Post by ~Lenka~ » Tue Oct 19, 2004 7:25 pm

Ale ładnie skomentowałayśmy tą część. :) Może jakaś nagroda, co _liz??? Prosimy!!! :uklon: :uklon: :uklon: Siedzimy przed tymi komputerami jak jakies zombi i czeakmy, aż wrzucisz nową część... A oczy się psują... :)

_liz
Fan...atyk
Posts: 1041
Joined: Fri Aug 15, 2003 4:07 pm
Location: Wrocław
Contact:

Post by _liz » Tue Oct 19, 2004 7:30 pm

Hehe. Nic z tego moje drogię sępy... Dzisiaj nic więcej was nie czeka, bo jeszcze nie wszystkich komentarzy się doczekałam. Poczekamy na Lizzy i jej banerek do tego opowiadania, który zechciała zrobić.

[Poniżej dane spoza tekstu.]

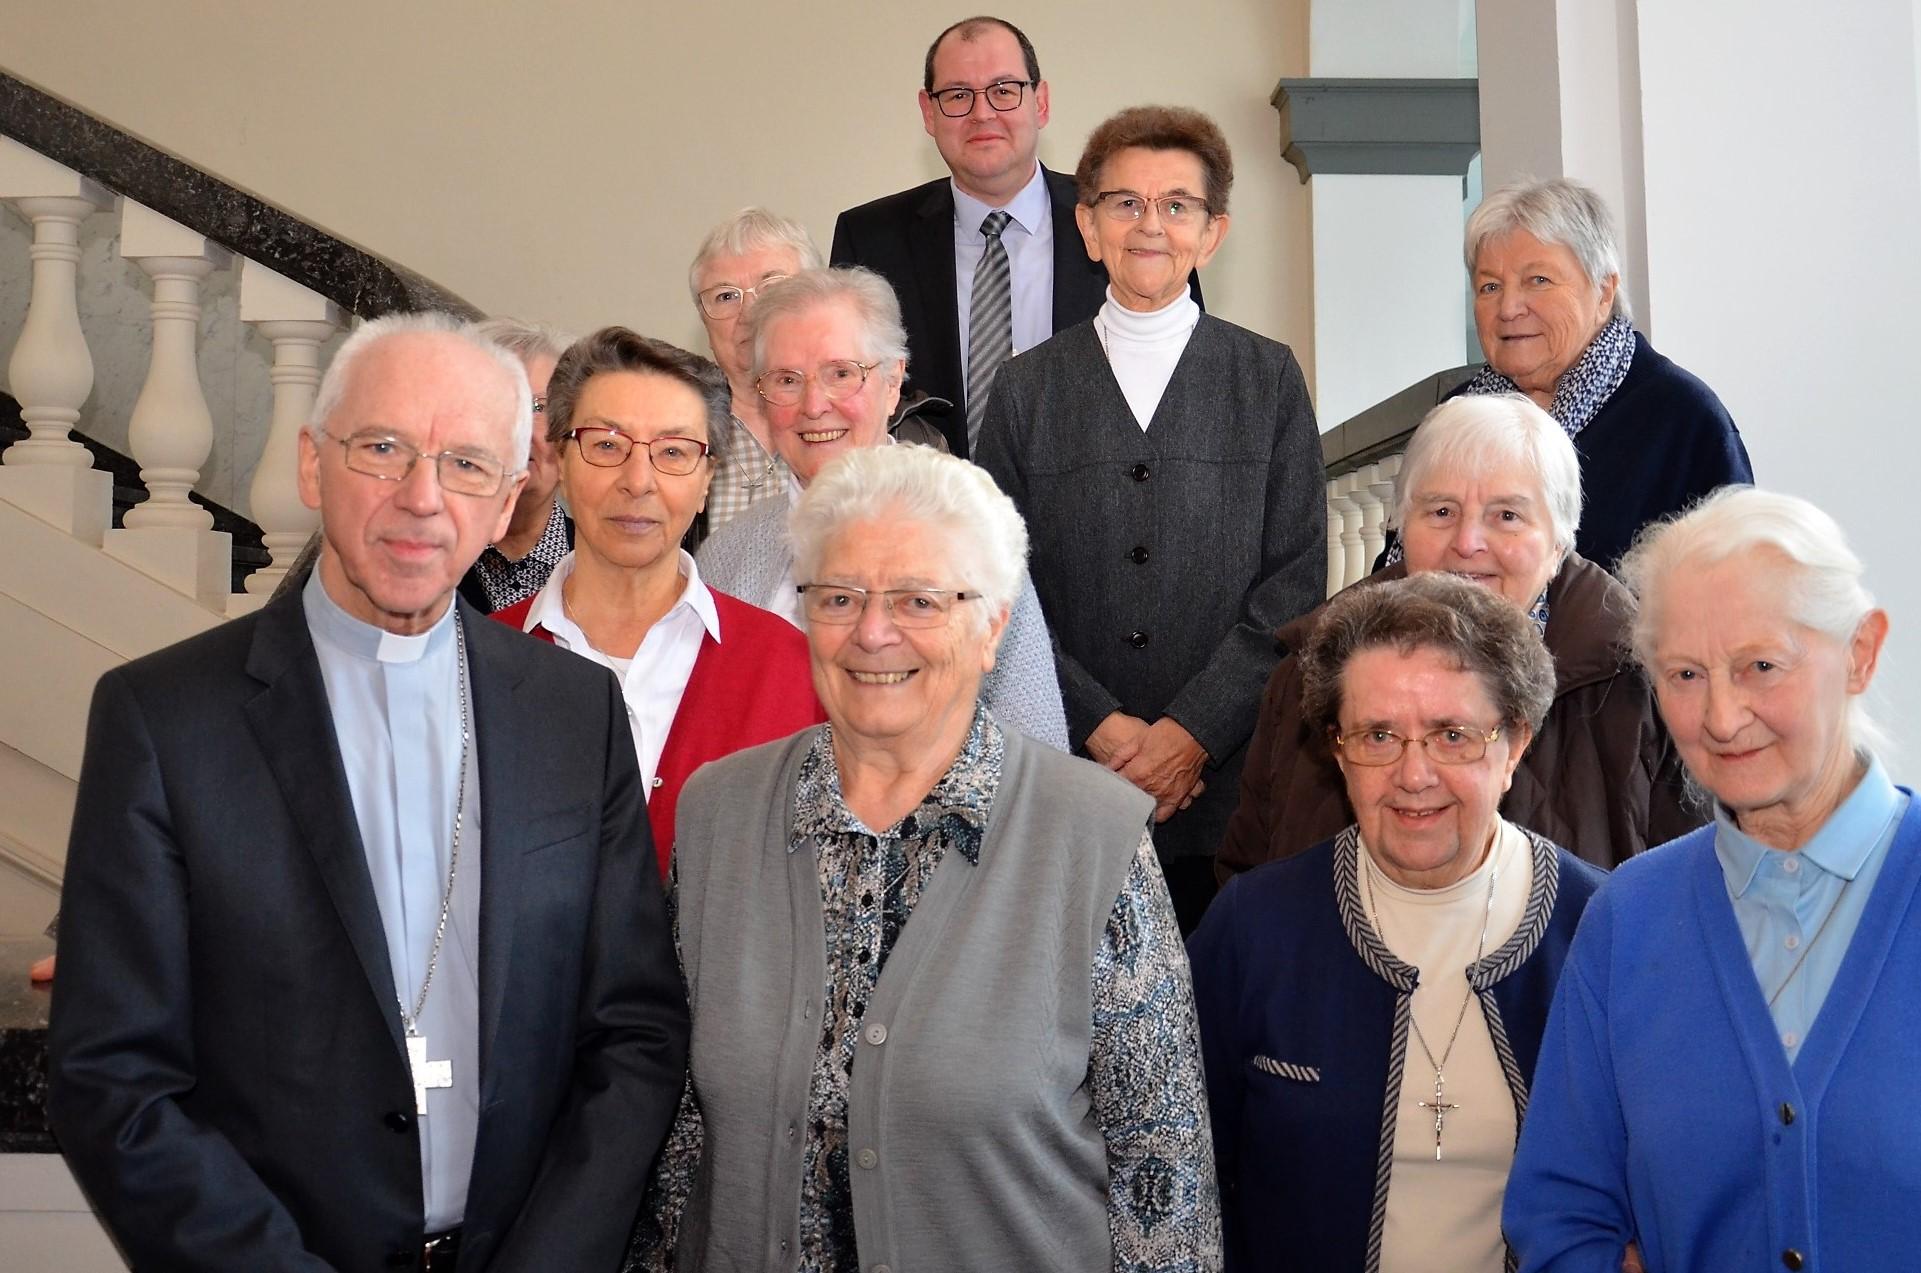 Religieuzen die de voorbije decennia zorg hebben gedragen voor de werking van het vicariaat in de vicariale raad en de religieuzenraad © (c) Hellen Mardaga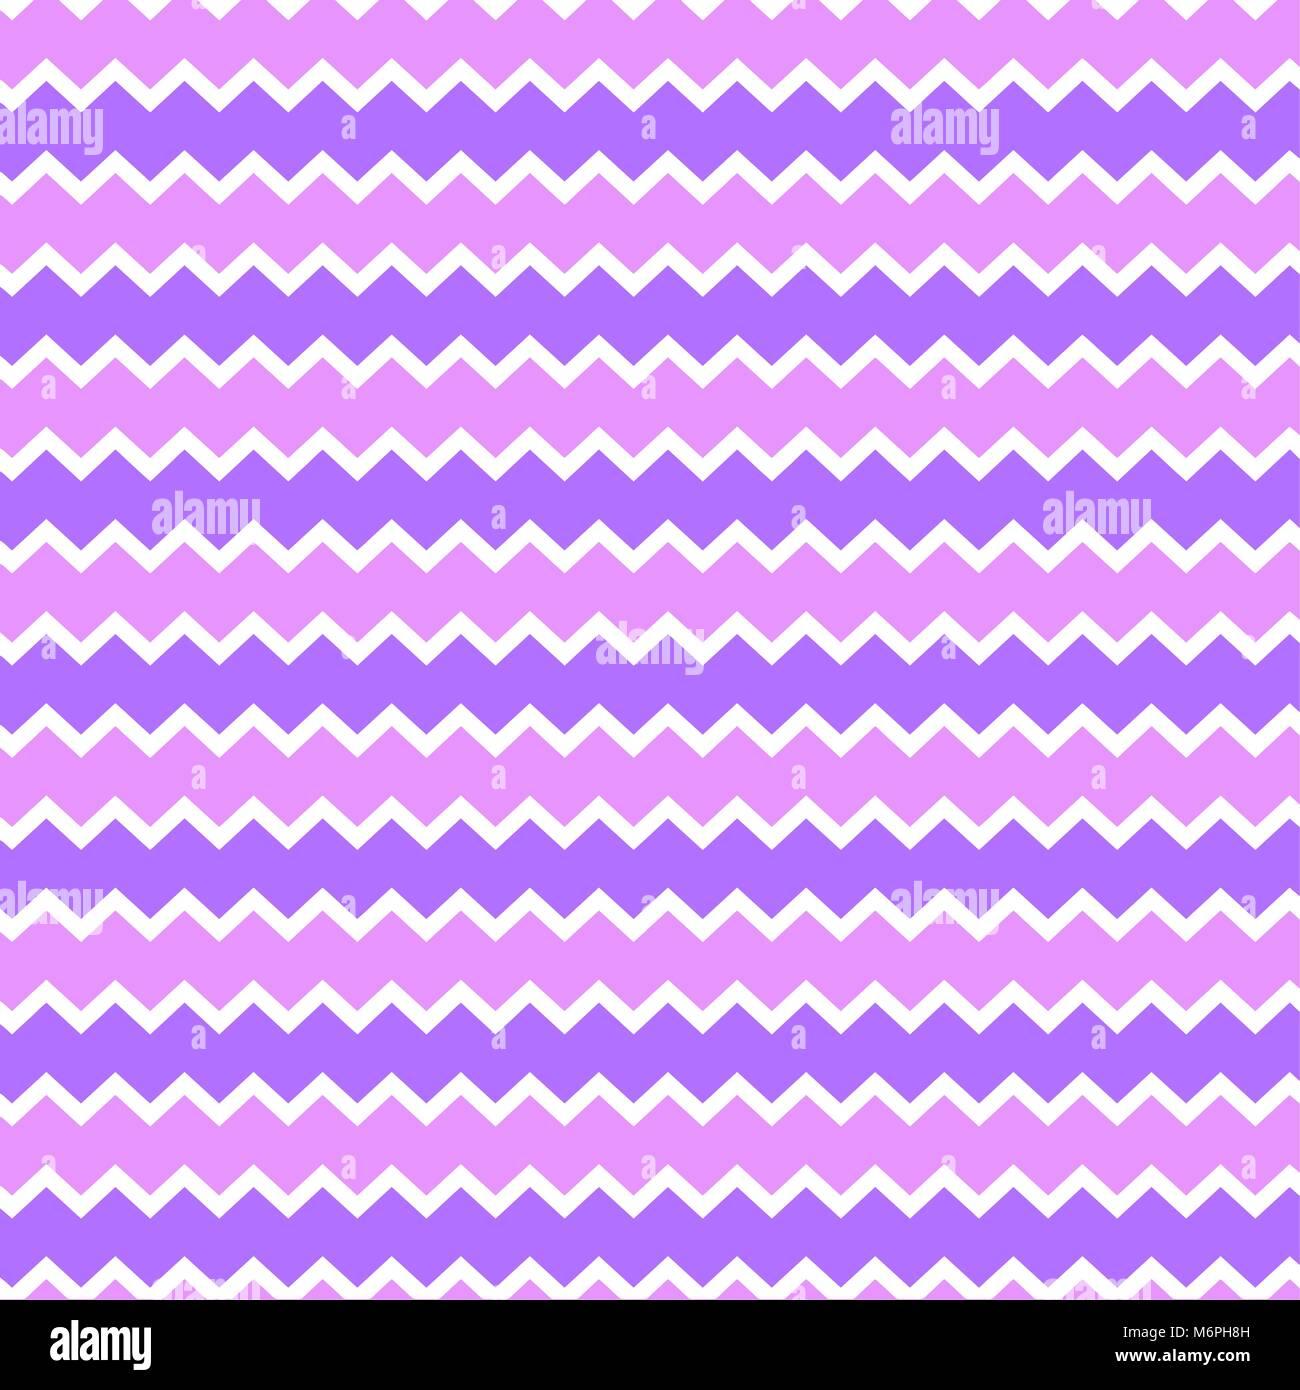 Motif En Zigzag Simple Mode Image Illustration Riche Creatif

Wiedziałam, że ta częśc poprawi wam humor, musiała być lekkim oderwaniem od tego co się działo i co nastąpi. A co do pomysłu Liz z odzyskaniem wisiorka... ktoś tu wspomniał, że będzie chciała nakłonić ojca Rachel do zwrócenia go. Ha! Wydaje mi się, że jednak panna Parker za dużo czasu spędza z mutantami. Będzie o wiele bardziej drastyczna w swoich zamiarach i do końca jej się nie uda... Zaraz! Już nic nie mówię!
Image

User avatar
Athaya
Zainteresowany
Posts: 298
Joined: Sun Jun 20, 2004 2:14 pm
Location: Kalisz

Post by Athaya » Tue Oct 19, 2004 10:25 pm

Eh... Znów 2 części 8)
A jakie cudooooooooowne :D
Hmm..
No więc Liz... Bomba zegarowa z opoźnionym zapłonem :shock: Może wybuchnąć. Opóźnienie tego wybuchu w postaci BOSKIEGO Aleca :twisted: :lol: Gilgotki... Sama je mam :P Jedno pytanko... Czy Liz zasnęła w Jego ramiona czy oni coś ten tego :shock: Bo nie jestem pewna...
Max...... Co za uparciuch :? Chyba Alec bedzie musiał mu to wytłumaczyć ręcznie...
I zastanawiam się ogólnie co też ta Liz ma w planach :twisted:
Ogólnie części :jaw: _Liz jesteś doskonałą "PISARKĄ" :twisted:

BTW.... Ja też chce taką sygnaturkę :twisted: [/b]
Image

User avatar
onar-ek
Pleciuga
Posts: 887
Joined: Mon Aug 30, 2004 4:40 pm
Location: Białystok
Contact:

Post by onar-ek » Tue Oct 19, 2004 10:44 pm

Tak tak ja też już czytałam WTRBTF i qrcze to samo co u Galadrieli... Dobry humorek poszedł sobie...
_liz jak możesz my tu naprawdę czkamy i doczekać się nie możemy :twisted: Ech znęcasz się nad 'biednymi sępami' :twisted:

User avatar
Elip
Starszy nowicjusz
Posts: 252
Joined: Fri Apr 30, 2004 11:18 am
Location: Z Daleka :P

Post by Elip » Wed Oct 20, 2004 1:32 pm

Pierwsza myśl, która mi wpadła do głowy po przeczytaniu to, że Liz będzie robiła wszystko żeby odzyskać ten :roll: hmmm...przeczytamy-zobaczymy :mrgreen:
Rozumiem Liz, ja mam takie łaskotki, że nie mogę opanować śmiechu i aż płaczę z tego wszystkiego. :lol:
Eh a ten Max to chyba ześwirował na ... maxa :shock: No nie da spokoju dziewczynie no! Tzn ja wiedaziałam, że tak łatwo nie opuści i coś mi się wydaje, że posunie się do gorszych rzeczy :?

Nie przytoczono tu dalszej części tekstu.